O governo está, neste momento, a governar em duodécimos com o chumbo da proposta do Orçamento do Estado para o próximo ano de 2022. Isto significa que, a despesa mensal de cada organismo do Estado não pode ultrapassar um duodécimo da despesa total prevista no Orçamento do Estado de 2021, com algumas exceções.


“O Orçamento do Estado para 2022 é um orçamento amigo do investimento, dirigido às classes médias e focado nos jovens, mantendo as marcas dos orçamentos anteriores, como a aposta no SNS (Serviço Nacional de Saúde), o reforço da proteção social e o aumento do rendimento dos trabalhadores e dos pensionistas. E a garantia de contas certas”, são estas as palavras que o primeiro-ministro usou para descrever a proposta do orçamento no Parlamento.
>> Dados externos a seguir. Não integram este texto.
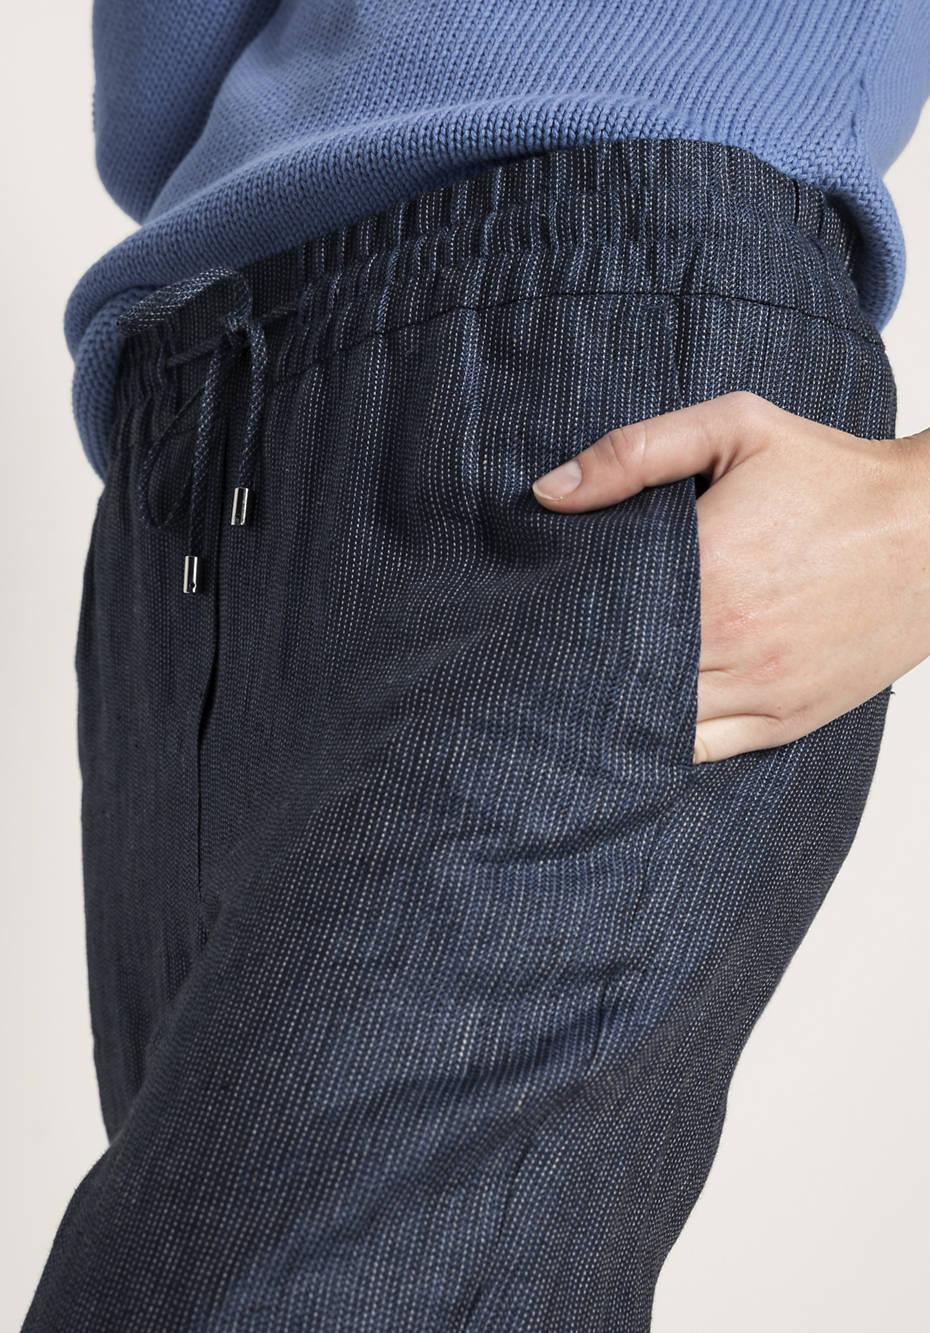 Hose aus reinem Hessen-Leinen

Recusado por 117 deputados, numa votação em que 108 votaram a favor — sendo esses deputados na totalidade do PS — e outros cinco abstiveram-se, cai assim uma esquerda, um orçamento à esquerda e uma aliança à esquerda. Com este cenário de votação, caem também (da mesa) certas medidas como os novos “escalões” do IRS, isto é, desdobramento do 3.o e 6.o; a atualização salarial dos funcionários públicos; o aumento extraordinário das pensões e o reforço do Serviço Nacional de Saúde. Algumas destas medidas ainda podem ser concretizadas pelo Governo atual, incluindo o aumento do salário mínimo, existindo a possibilidade de entrar já em vigor em janeiro de 2022.


Apontaram-se dedos por todos os lados, o governo apontou à esquerda que se recusou a apoiá-lo, a esquerda ao governo e a direita aos dois. Apesar de João Leão, atual ministro das Finanças, ter anunciado que o governo estava aberto a negociar em especialidade, nem isso convenceu. Fala-se de uma falta de negociação, que seria exigida pelo compromisso com que foi criada a geringonça, por parte dos queixosos canhotos e de um orçamento que não visa ao crescimento por parte dos destros.


Surge aqui uma oportunidade para a direita se reerguer do (já algum) cansaço da gestão do governo, sendo ainda crucial a eleição interna do PSD, em data anterior às eleições. Contudo, há ainda o cenário de voltar tudo ao mesmo, afirmando-se a opinião de que a negociação do orçamento deve ser feita de forma diferente, e a mão socialista manter-se no poder de negociação.


Salienta-se que todos estes acontecimentos só vêm demonstrar que não há só dois blocos políticos em Portugal e que a esquerda difere da esquerda. Estes impasses são importantes para a democracia, mostrando não existir uma maioria absoluta garantida a todas as ações deste governo.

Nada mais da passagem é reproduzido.